I think he is referring to you relationship now. 

It's like he's jealous.. and he telling you that you relationship with your new guy is hopeless.


----------



## cj_sandiego

lomniom said:


> Hello everybody,
> 
> I'm new here, and I found this forum very interesting. I need to translate a sentence by somebody who send me "wala kayo pag asa". What does it means please?
> 
> It's from a friend ex-boyfriend, (I know his phone number lol!) and I don't know what it means. Thanks for your help. =)



Can also mean...

*You don't stand a chance...
You don't stand any chance...

*but if it's from a ex - boyfriend..
*
You are hopeless* would be the best answer...


----------



## cj_sandiego

David said:


> ...po kayo... then, could be either singular or plural?





> from Maria de Manila
> 
> *"po" *alone is really used to show respect while the use of
> *"kayo"* instead of ka (singular) makes it more respectful.



Filipino language can be confusing... Someone can be respectful while delivering those lines to someone else...
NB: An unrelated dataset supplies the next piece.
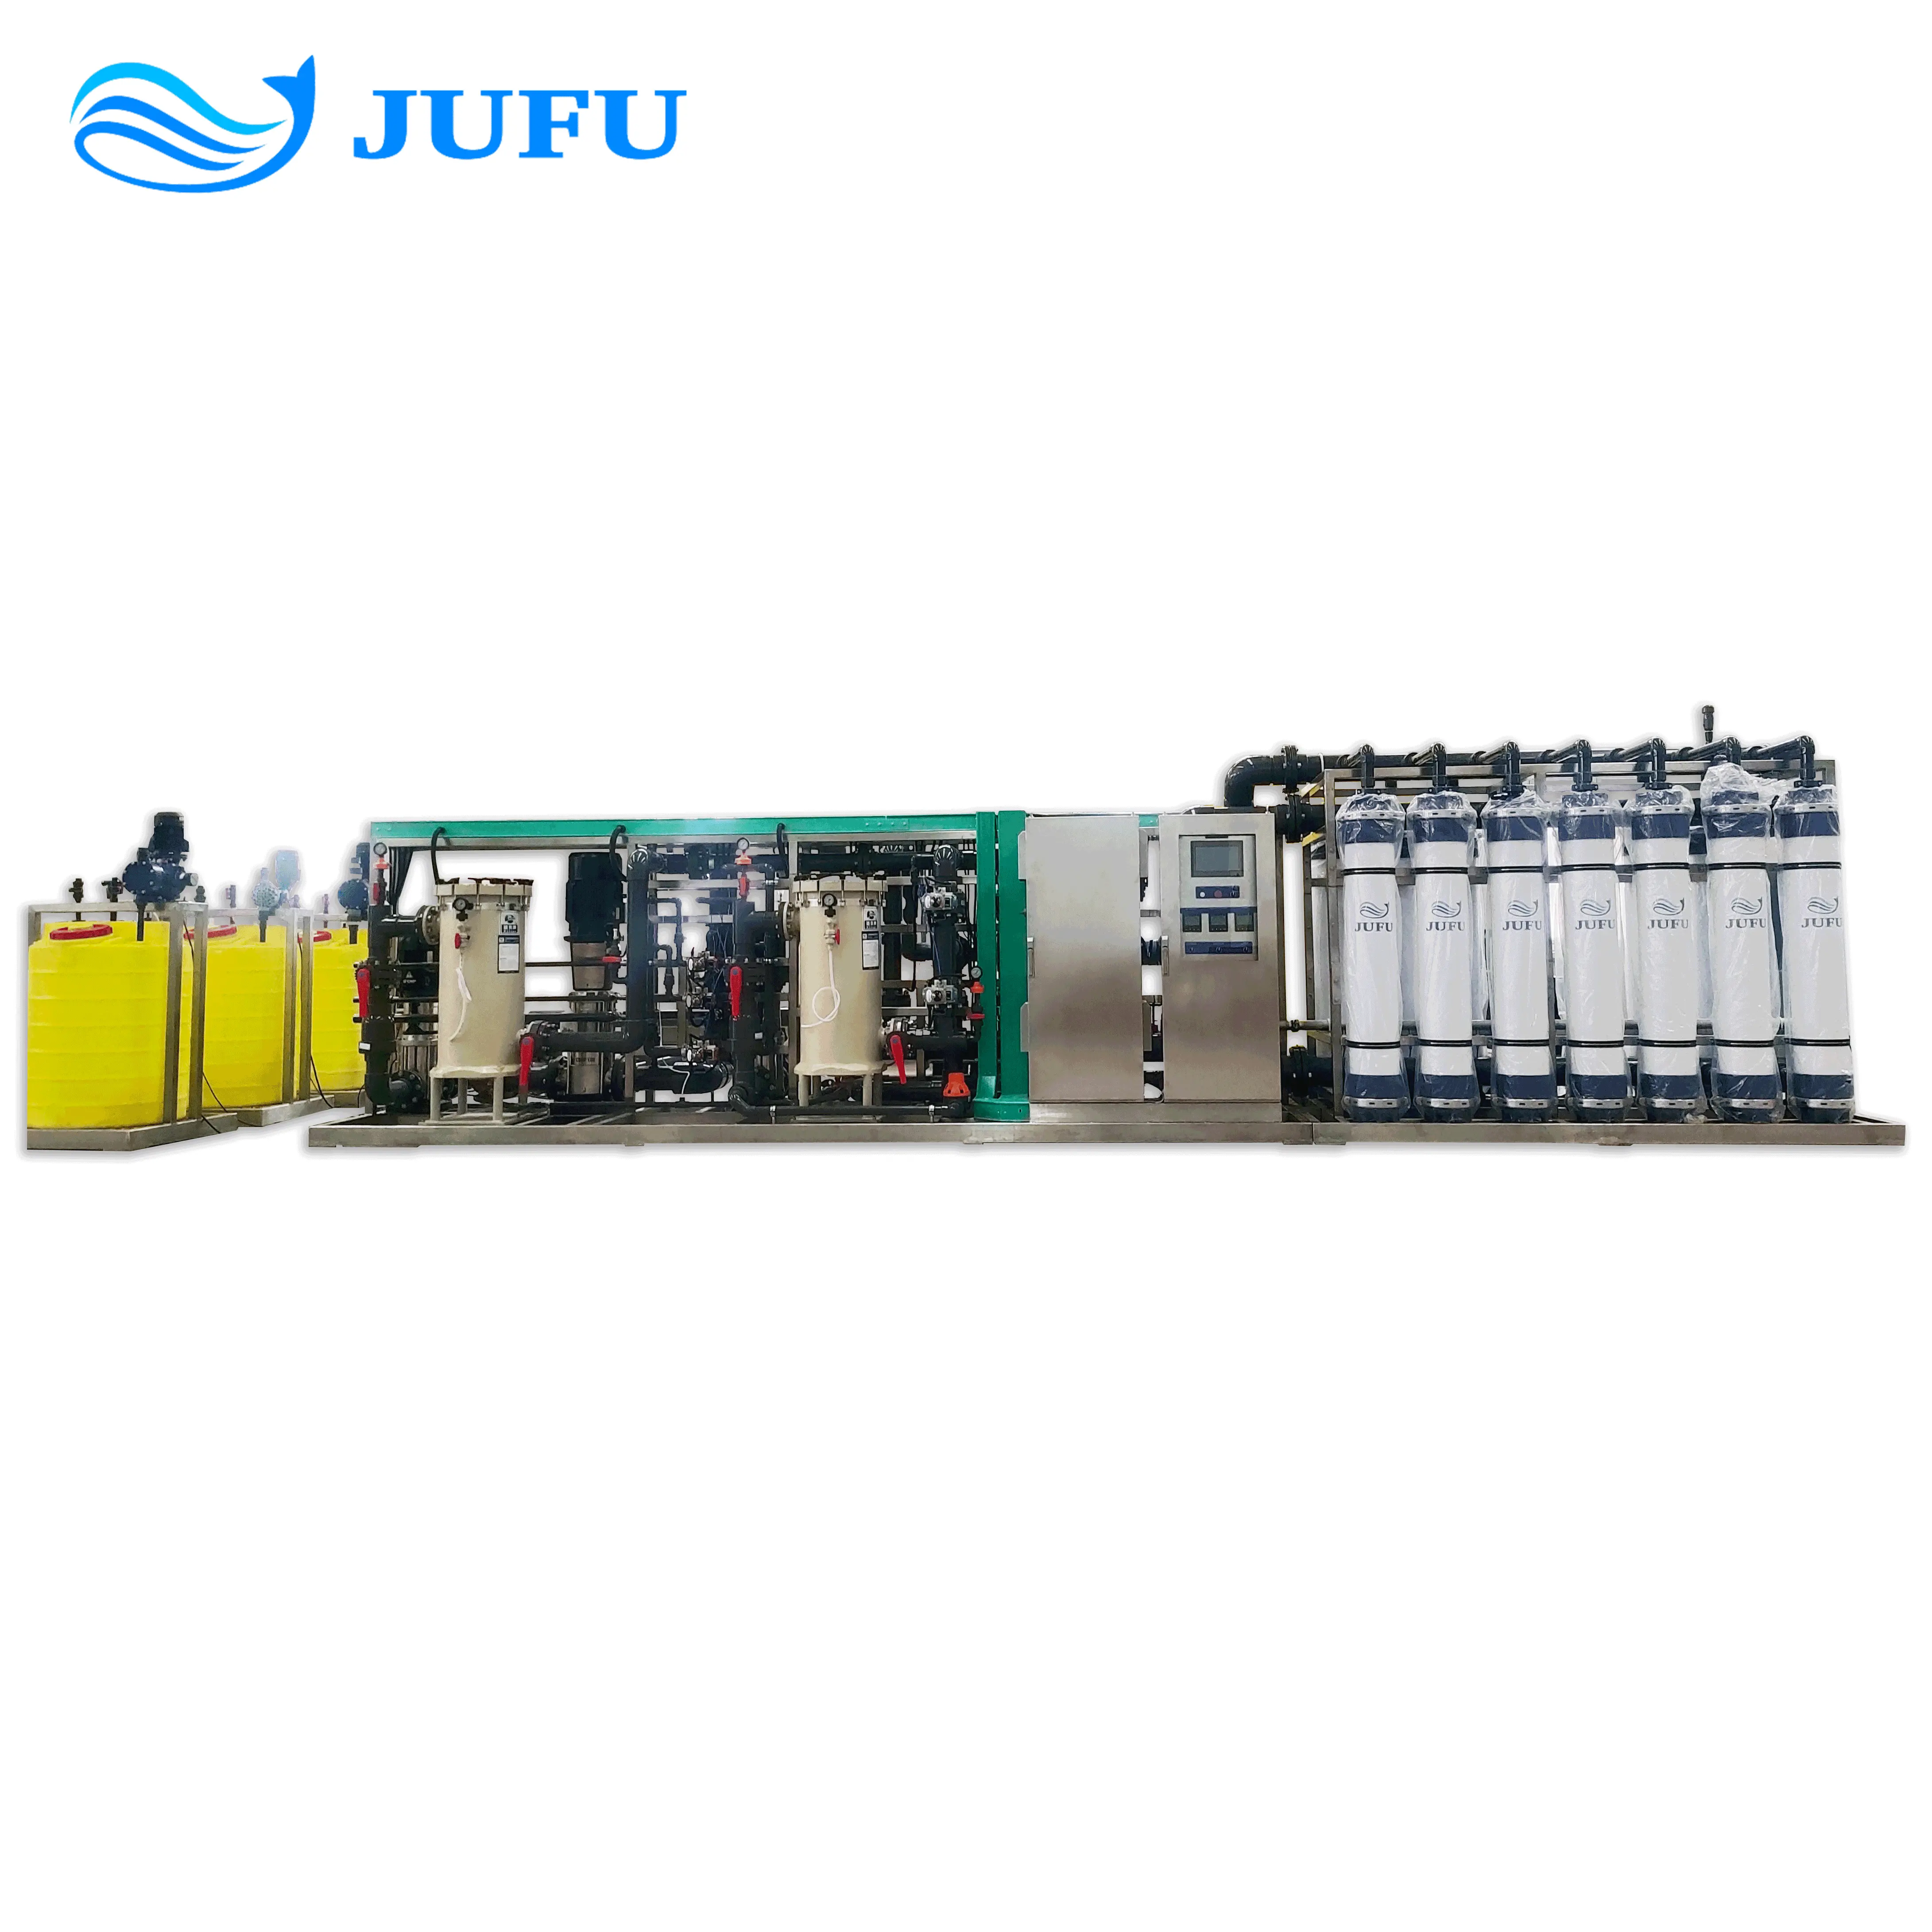 40tph UF sistemi su arıtıcısı su arıtma tesisi ultrafiltrasyon ekipmanları

The word *po* is really use nationally as a form of respect... 
but for *kayo* - mostly it is use by people who live in Luzon (part of the Philippines) only...


----------



## balasang

I don't think po is uniform. I speak Ilocano and we don't have 'po' however, we use the plural pronoun to show respect to older people or to officials. We also have 'titles' that would indicate respect. But no po/opo


----------